Calculating how much an advisor can add in net returns is based largely on their approach to five wealth management principles. Although the exact amount may vary depending on client circumstances and implementation, an advisor can add value by:
 
· Being an effective behavioural coach. Helping clients maintain a long-term perspective and a disciplined approach is arguably one of the most important elements of financial advice. (Potential value add: up to 1.50 per cent.)
 
· Applying an asset location strategy. The allocation of assets between taxable and tax-advantaged accounts is one tool an advisor can employ that can add value each year. (Potential value add: from 0 per cent to 0.75 per cent.)
 
· Employing cost-effective investments.
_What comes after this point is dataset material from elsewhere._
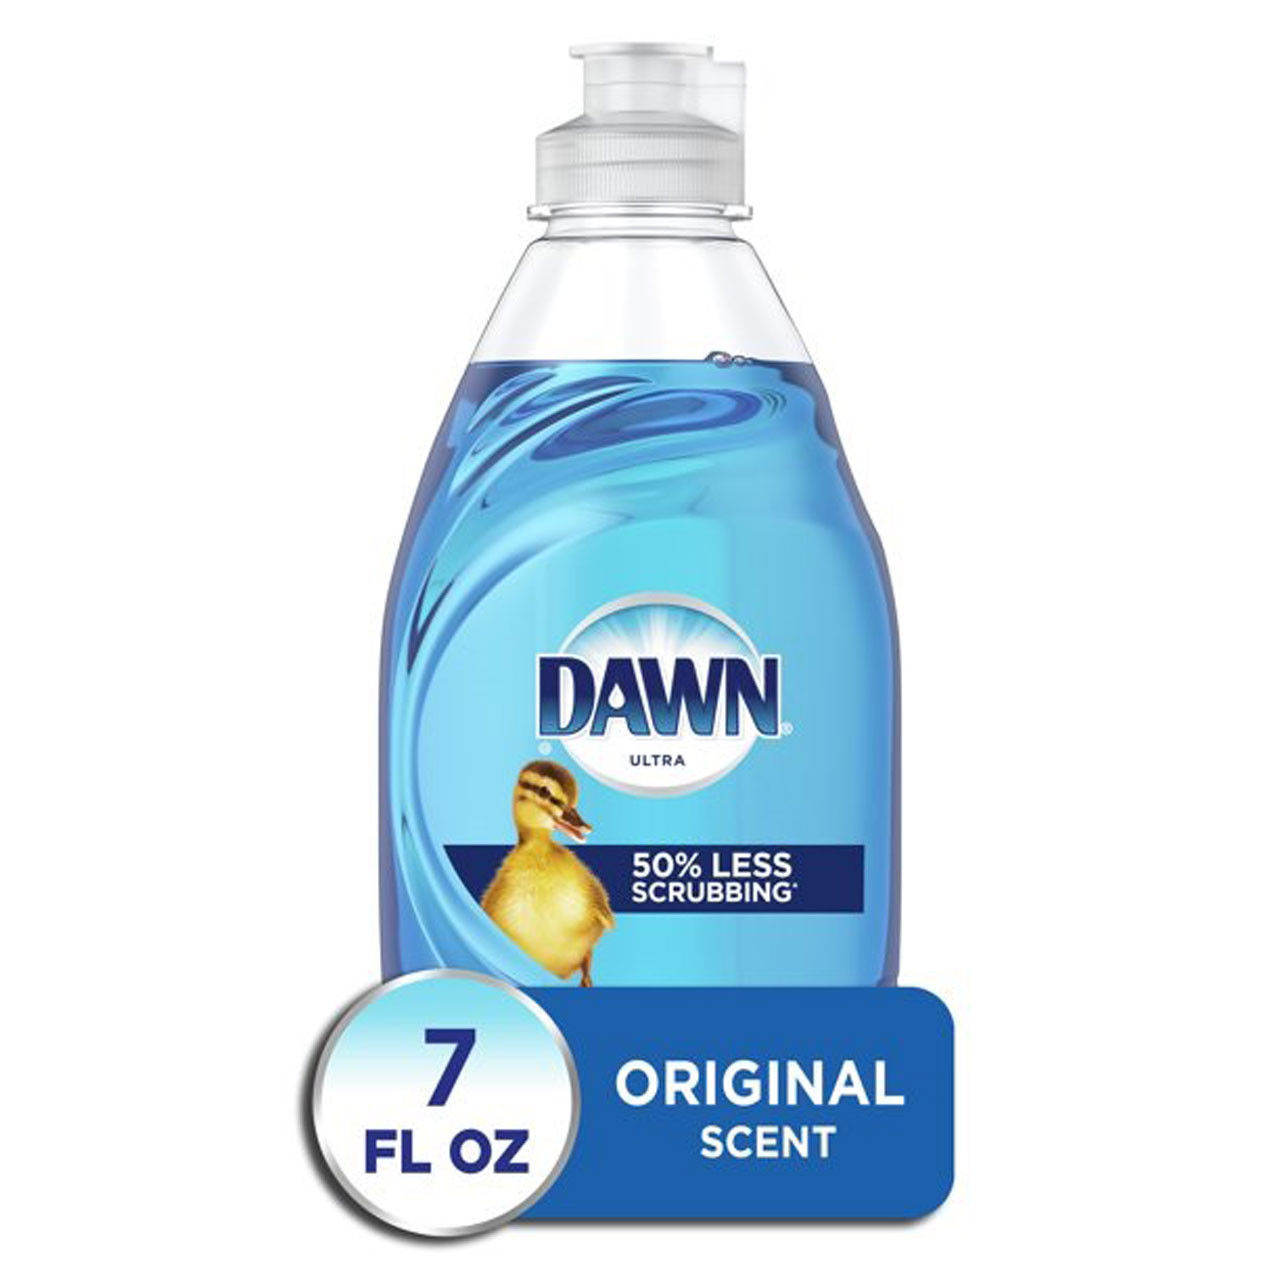 To what locations does the company ship its Dawn dish soap wholesale?

This critical component of every advisor’s tool kit is based on simple math: Gross return less costs equals net return. (Potential value add: up to 0.45 per cent.)
 
· Maintaining the proper allocation through rebalancing. Over time, as its investments produce various returns, a portfolio will likely drift from its target allocation. An advisor can add value by ensuring the portfolio’s risk/return characteristics stay consistent with a client’s preferences. (Potential value add: up to 0.35 per cent.)
 
· Implementing a spending strategy. As the retiree population grows, an advisor can help clients make important decisions about how to spend from their portfolios. (Potential value add: up to 0.70 per cent.)
 
How an advisor approaches two additional principles, asset allocation and total return versus income investing, can also add value, but are too unique to each investor to quantify.
 
Vanguard Advisor’s Alpha framework incorporates all of these principles, making it possible for advisors to add up to about three per cent in net returns for their clients.